Зато Терентьева в эту секунду отрезала:
— А в личной жизни у меня еще лучше. Ой, черт... — и, судя по ее вдоху, она, выронив тушь, теперь наклонялась, чтобы поднять ее.
Исаев прислушался к неразборчивым шорохам и Наташиному брюзжанию: «Что ж за день-то такой сегодня, а?» и мягко предложил:
— Слушай, если я не вовремя, давай я тебе попозже перезвоню?
— Не надо. Я же сказала, что я могу говорить! — Она все-таки выплеснула на него свое раздражение.
— Хорошо, я тебя сейчас отпущу, — Андрей вздохнул. Утро было слишком хорошим и солнечным, чтобы ссориться со своей бывшей или завязнуть с ней в придуманном ею конфликте. — Только не нервничай и ответь мне всего на два вопроса: что на самом деле у тебя с твоим поклонником и почему ты отказалась назвать мне его имя? Он что у тебя, Волан-де-Морт ? — произнеся это, Андрей пытался снять напряжение юмором, но вместо этого к нему самому пришло стойкое чувство, что вот теперь он точно полез своей экс прямо в душу.
— Ха-ха, ужасно смешно. А как у тебя с твоей Ирой? — Терентьева ощутимо повысила голос, и Андрей закусил губу:
— Спасибо, у нас все нормально.
— Вот и у НАС все нормально. И кстати, не волнуйся: мне МОЙ вчера эсэмэску прислал. Написал, что едет в командировку, что скучает по мне, и спросил, что мне привезти. — Наташа говорила отрывисто, резко, нетерпеливо. Потом вроде опомнилась: — Правда, он не сказал, куда поедет. Но и я, в общем, его не спрашивала.

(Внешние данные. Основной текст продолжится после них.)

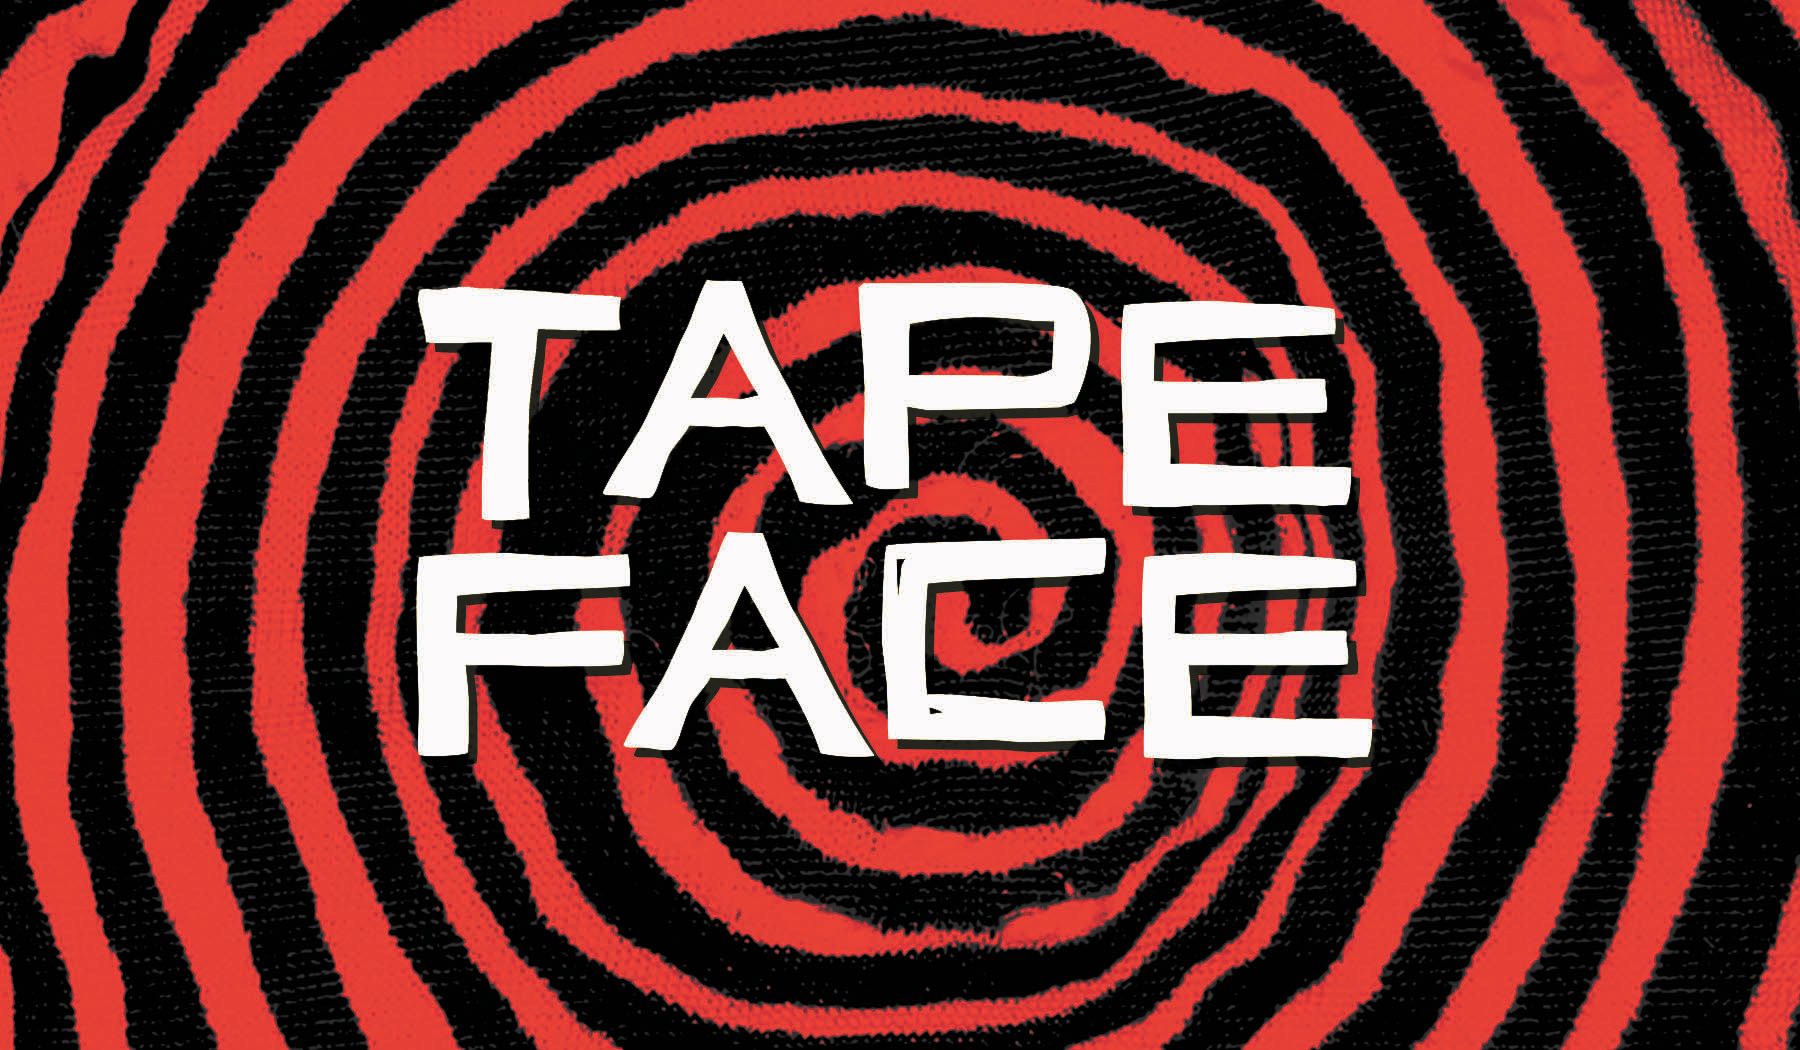 tape face vegas show

— Своеобразно. — Исаев прищурился, рассматривая желтый сигнал светофора, к которому он как раз подходил.
— Ну уж как есть. — Еще одна пауза, на этот раз долгая. А потом Наташка насторожилась: — Андрей, у тебя что-то не так? Ты во что-то влип?
— Нет. — У светофора загорелся красный «глаз».
— И все же? — вот теперь уже она настаивала на ответе.
— Наташ, пока все хорошо. — Голос Исаева звучал ровно. Но вместо того, чтобы успокоить ее, это произвело на Терентьеву обратный эффект. Едва она услышала от Андрея, что у него всё хорошо, как в голову ей соскользнула мысль, полночи не дававшая ей покоя.
— Наташ, ау? — окликнул ее Исаев. Но она его уже просто не слышала.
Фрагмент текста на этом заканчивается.